The “Instinct” of Data Analysis
I had the pleasure of visiting our wonderful colleagues in Meinig School of Biomedical Engineering at Cornell University in Ithaca just before the blizzard arrived. John F. Zimmerman, PhD generously shared his fascinating work on heart tissue engineering. Over dinner, I asked him whether he would trust emerging agentic or robotic systems to perform wet-lab experiments on behalf of scientists. His answer was a thoughtful no.
“You develop a sense—a feel—in your hands during these experiments,” he explained. “It’s difficult to put into words because it’s subtle, but it’s critical to success.” His perspective was echoed by Marjolein C H van der Meulen , who also joined us for dinner. Marjolein, a renowned biomedical engineer in orthopedic mechanics and former head of the school, described a student who excelled at a heart-related procedure that no one else could master.
This kind of “sense” or “feel” reflects the instinct of exceptional bench scientists—not intuition in a mystical sense, but tacit knowledge forged through repeated encounters with failure modes, biological variability, and the physical constraints of bench experiments.
Interestingly, this was not the first time the word “instinct” came up during my one-day visit to the school. After lunch with students, I spoke with Alexandra Werth , and we strongly agreed on the importance of teaching fundamental machine learning concepts so that students can develop an instinct for data analysis. Alex has been deeply engaged in education research, particularly in understanding how AI tools are reshaping teaching and learning.
We both shared a concern that today’s AI tools can give students the false impression that they no longer need to understand core machine learning principles, as they can simply rely on the tools themselves. This, we agreed, is risky. “Students need a basic sense of data analysis—knowing which methods are appropriate in which scenarios, and what an evaluation metric actually means,” Alex said. “That’s what gives them instinct when doing data analysis.”

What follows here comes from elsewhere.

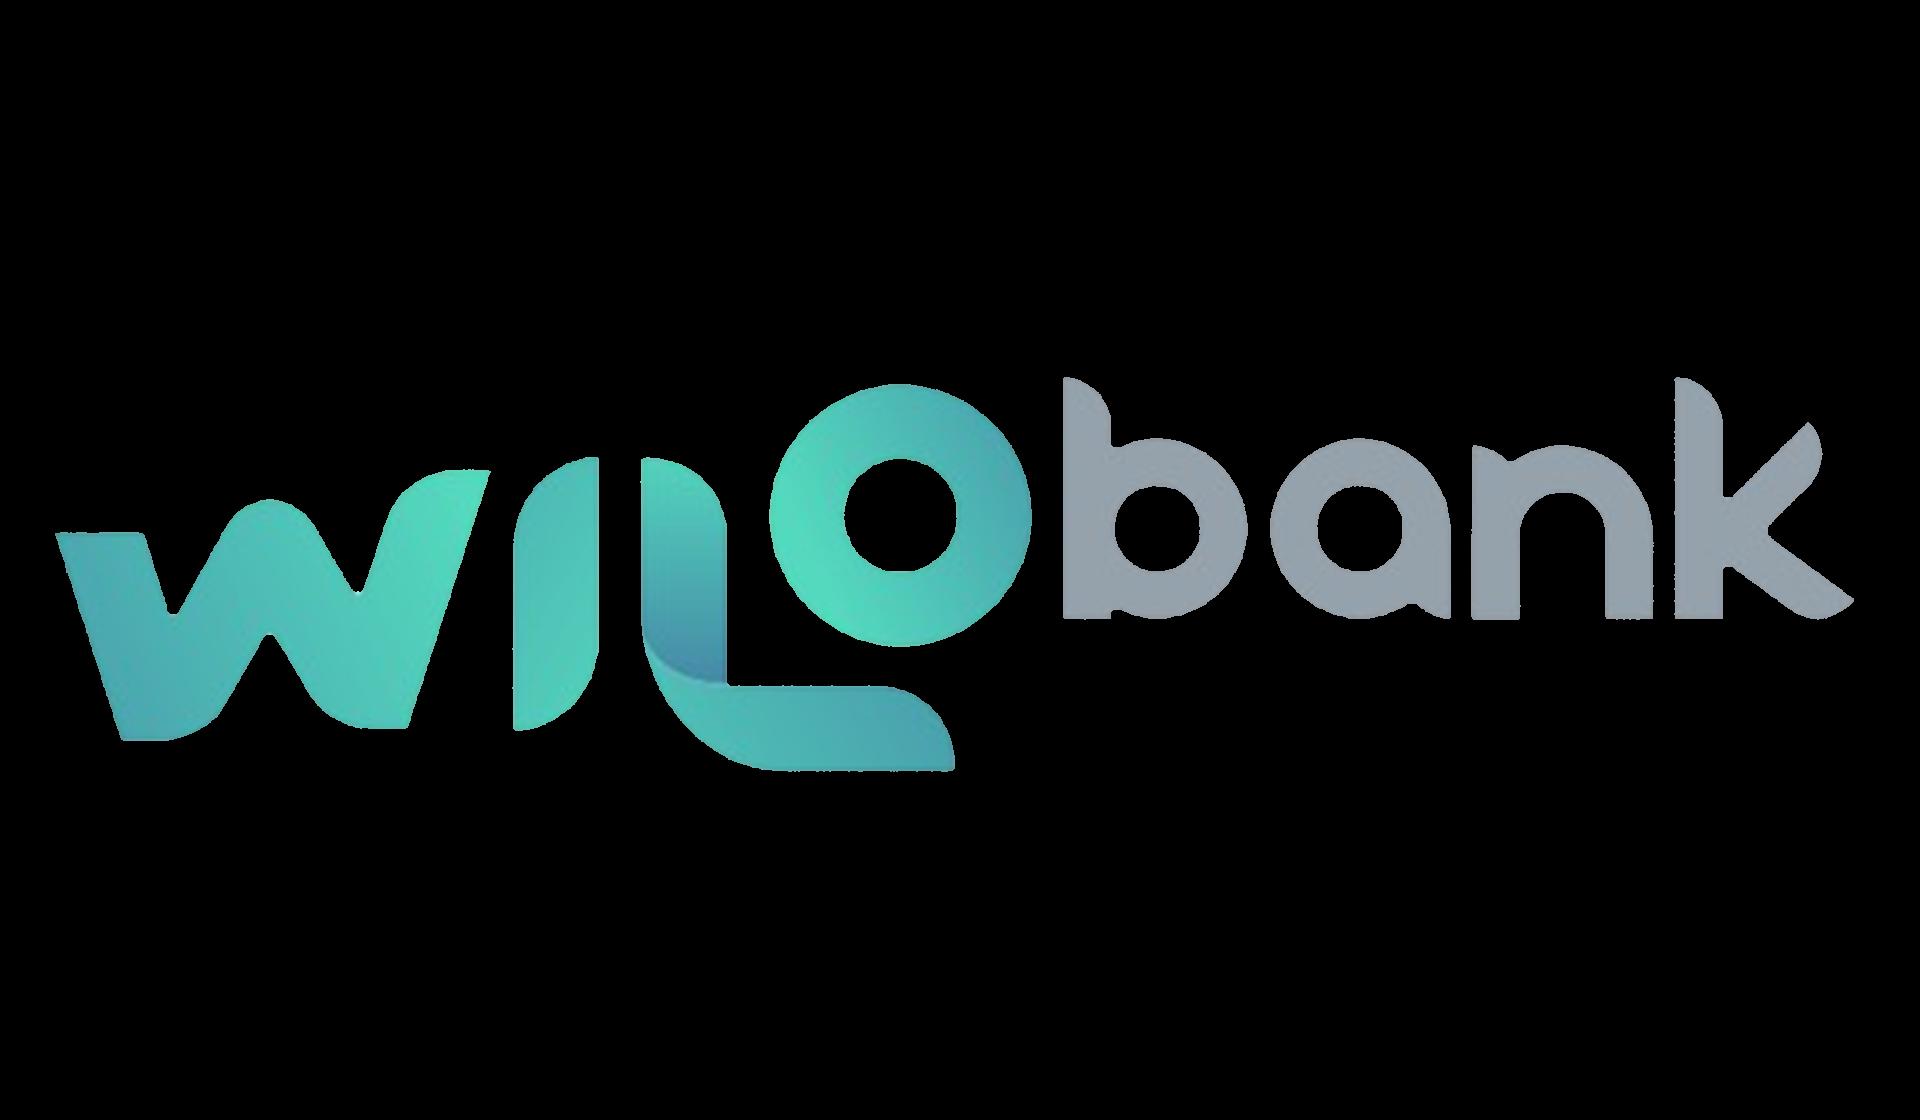 Wilobank logo

Experienced data scientists develop a sense for when data are fragile, when patterns are artifacts of preprocessing, or when a model’s behavior is inconsistent with how the data were generated. This instinct often appears as a quiet unease: Why is the performance so good? Why does the model rely so heavily on one covariate? Why does performance improve after a transformation that should not add information? As in bench experiments, these judgments arise not from explicit protocols but from a deep internalization of process and failure.
Recommended by LinkedIn
Large language models (LLMs), despite their impressive capabilities, do not possess this kind of instinct. They are optimized to produce plausible, fluent outputs based on patterns in text, but not to reason about data-generating processes, statistical dependence, or algorithmic failure modes. They can write convincing analysis code, explain methods eloquently, and even suggest reasonable modeling choices. But they lack an internal sense of wrongness. An LLM will confidently fit a model on data with leakage, accept spurious correlations, or optimize a metric without questioning whether the metric itself is meaningful. When the analysis “works,” it works syntactically and rhetorically, not epistemically.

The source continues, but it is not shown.